**Problem to solve**
For this exercise, restate every line below word for word and drop the images.

**Raw data**

--- START ---

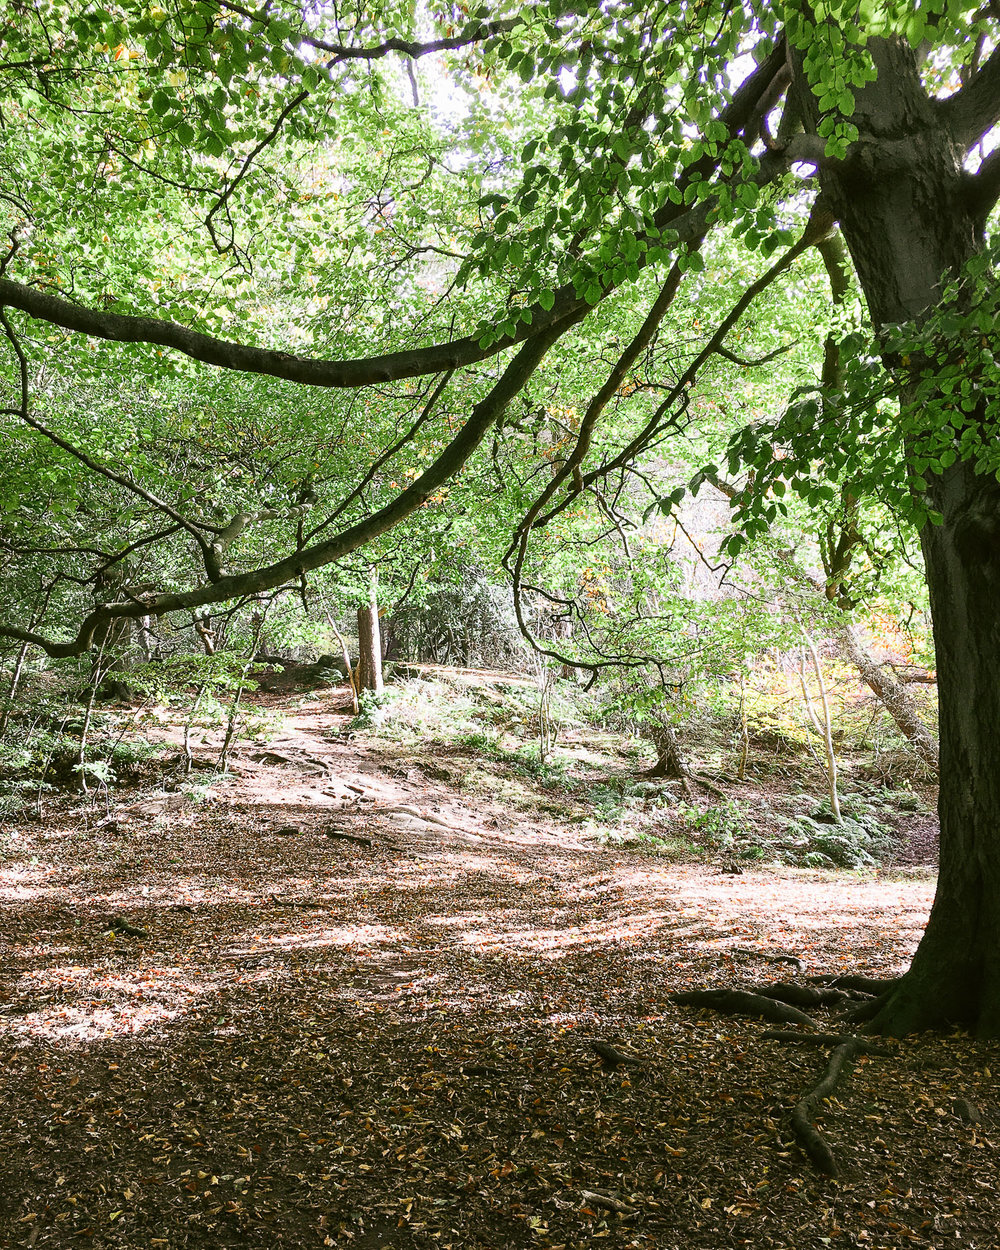 The forest at Costorphine Hill nature reserve
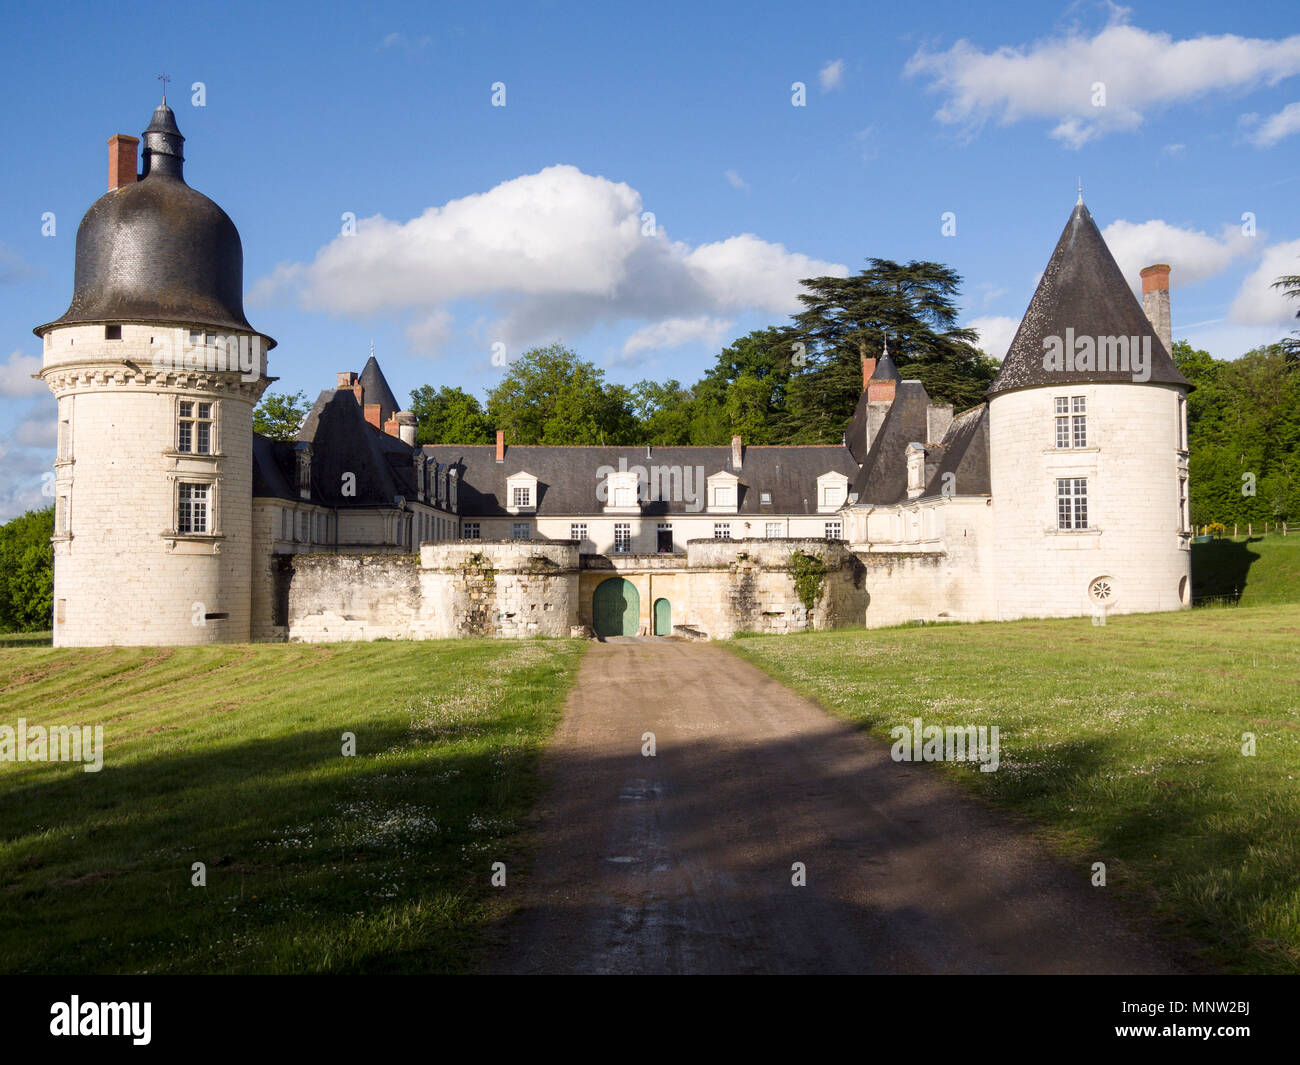 Driveway entrance to the Chateau du Gue-Pean: This well kept Chateau in the Loire region of France is surrounded by a thriving horse farm. Stock Photo
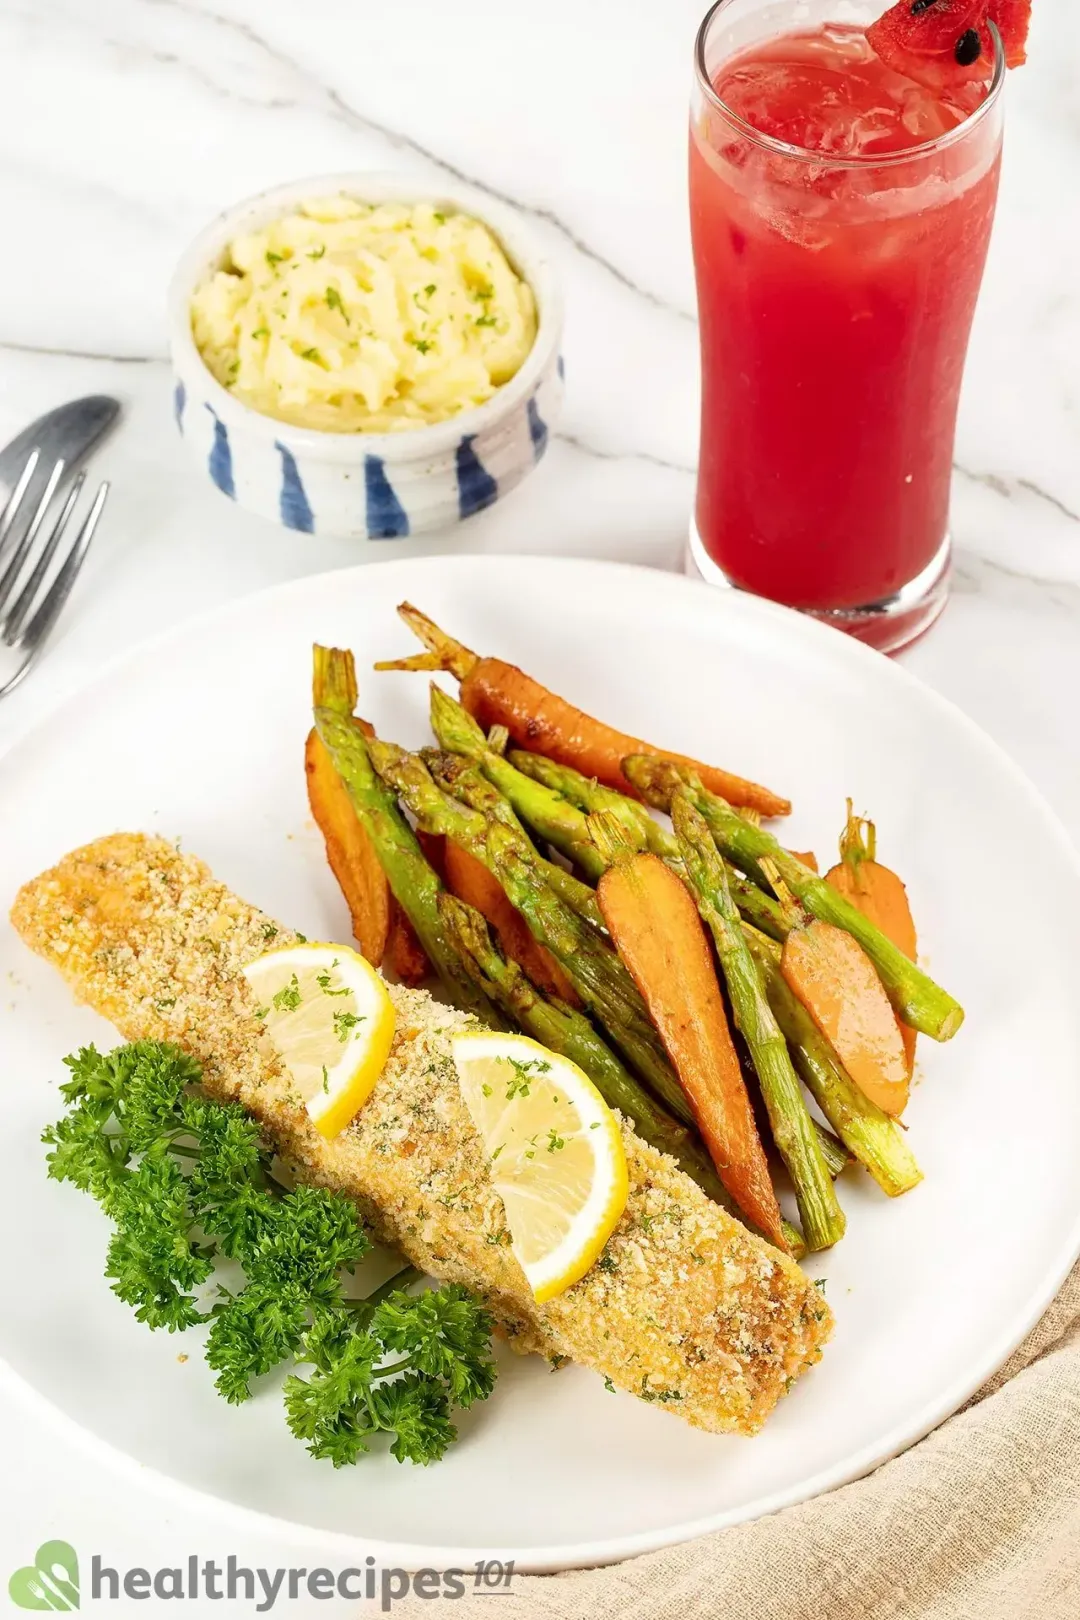 A white plate containing a salmon fillet crusted with breadcrumbs, some baby carrots, asparagus stalks, two lemon pieces, and parsley laid next to mashed potatoes and watermelon juice

--- END ---

**Your solution**
 The forest at Costorphine Hill nature reserve
 Driveway entrance to the Chateau du Gue-Pean: This well kept Chateau in the Loire region of France is surrounded by a thriving horse farm. Stock Photo
 A white plate containing a salmon fillet crusted with breadcrumbs, some baby carrots, asparagus stalks, two lemon pieces, and parsley laid next to mashed potatoes and watermelon juice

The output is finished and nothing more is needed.